Снова зеркальное озеро в чаше между остроконечных гор. Снова он смотрит, как скользит по поверхности его отражение, и снова спрашивает, вопрошает: «Кто я? Откуда я взялся?» И впервые в эту ночь он услышал ответ, донесшийся неизвестно откуда — голос зародился как бы в самом воздухе, донесся разом со всех сторон — сверху, снизу, с боков: «Тебя выдумал добрый слабый человек. Который убивал в жизни только клопов и комаров, а тараканов уже не мог — совестился. И наконец он устал от своей слабости, устал терпеть безнаказанное хамство, захотелось силы. Ну и красоты, ну и славы… Вот как все вышло. И вот что получилось…» Солнце заходило, остроконечные пики гор горели как свечи в храме природы.

Проснувшись, Костя никак не мог вспомнить услышанный ответ. Отчетливо помнил, что был ответ — и подробный, и понятный, а вспомнить не мог. Это мешало, как жилка мяса, застрявшая между зубами — мусолишь, мусолишь ее языком, а никак не вытащить. И никак не перестать ее ощущать.

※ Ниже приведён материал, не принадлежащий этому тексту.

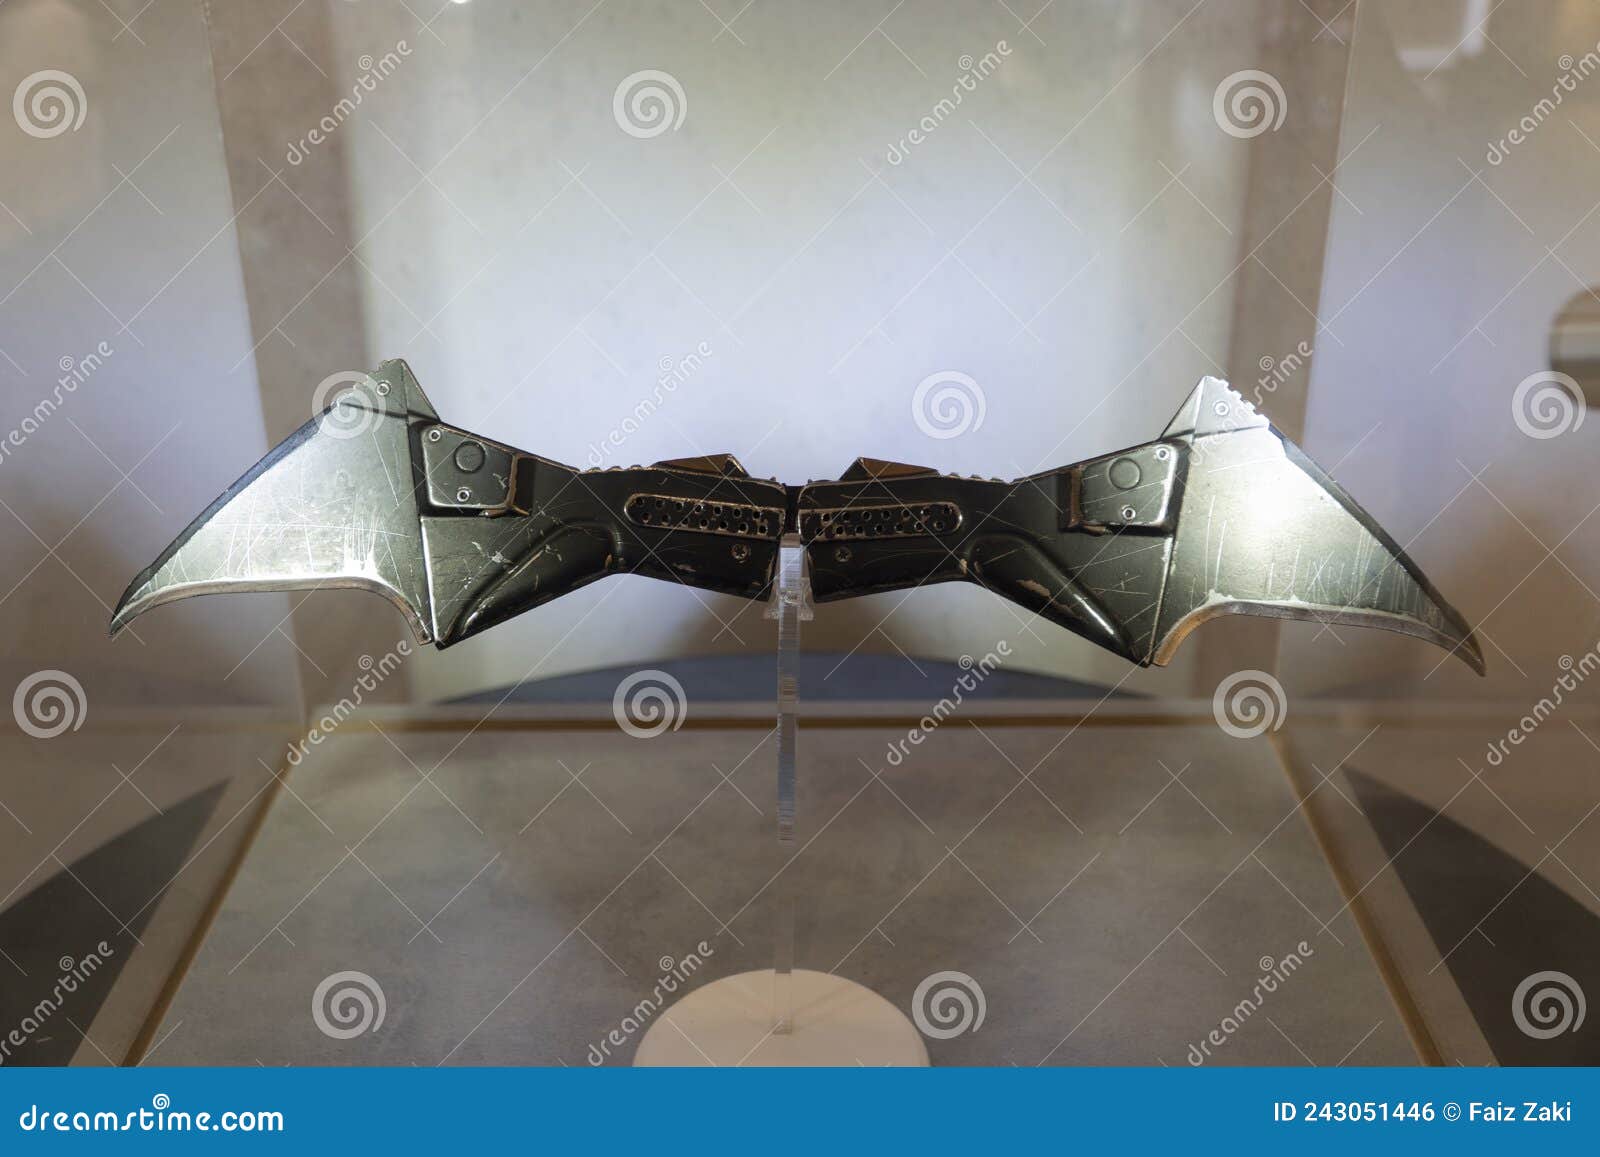 Boomerang and Chest Plate from the Batman. this is a Road Show Promotion  for the Latest DC Movie Editorial Photo - Image of poster, fighting:  243051446

Проснулся с отчетливым воспоминанием, что был ответ, но сразу же вспомнилось и все вчерашнее. Слишком много всего случилось вчера: убитый Кубарик, искалеченная Света — и Фартушнайка, бившаяся в его руках… Не хотелось даже про себя определять случившееся точным словом: «умершая», «погибшая»… Костя этого не хотел, он не мстил, не выбивал око за око — он пытался как лучше, он надеялся, что Фартушнайка сделается добрее, умнее. Да, настал момент ответственности — и он взял эту ответственность на себя. А вот что получилось…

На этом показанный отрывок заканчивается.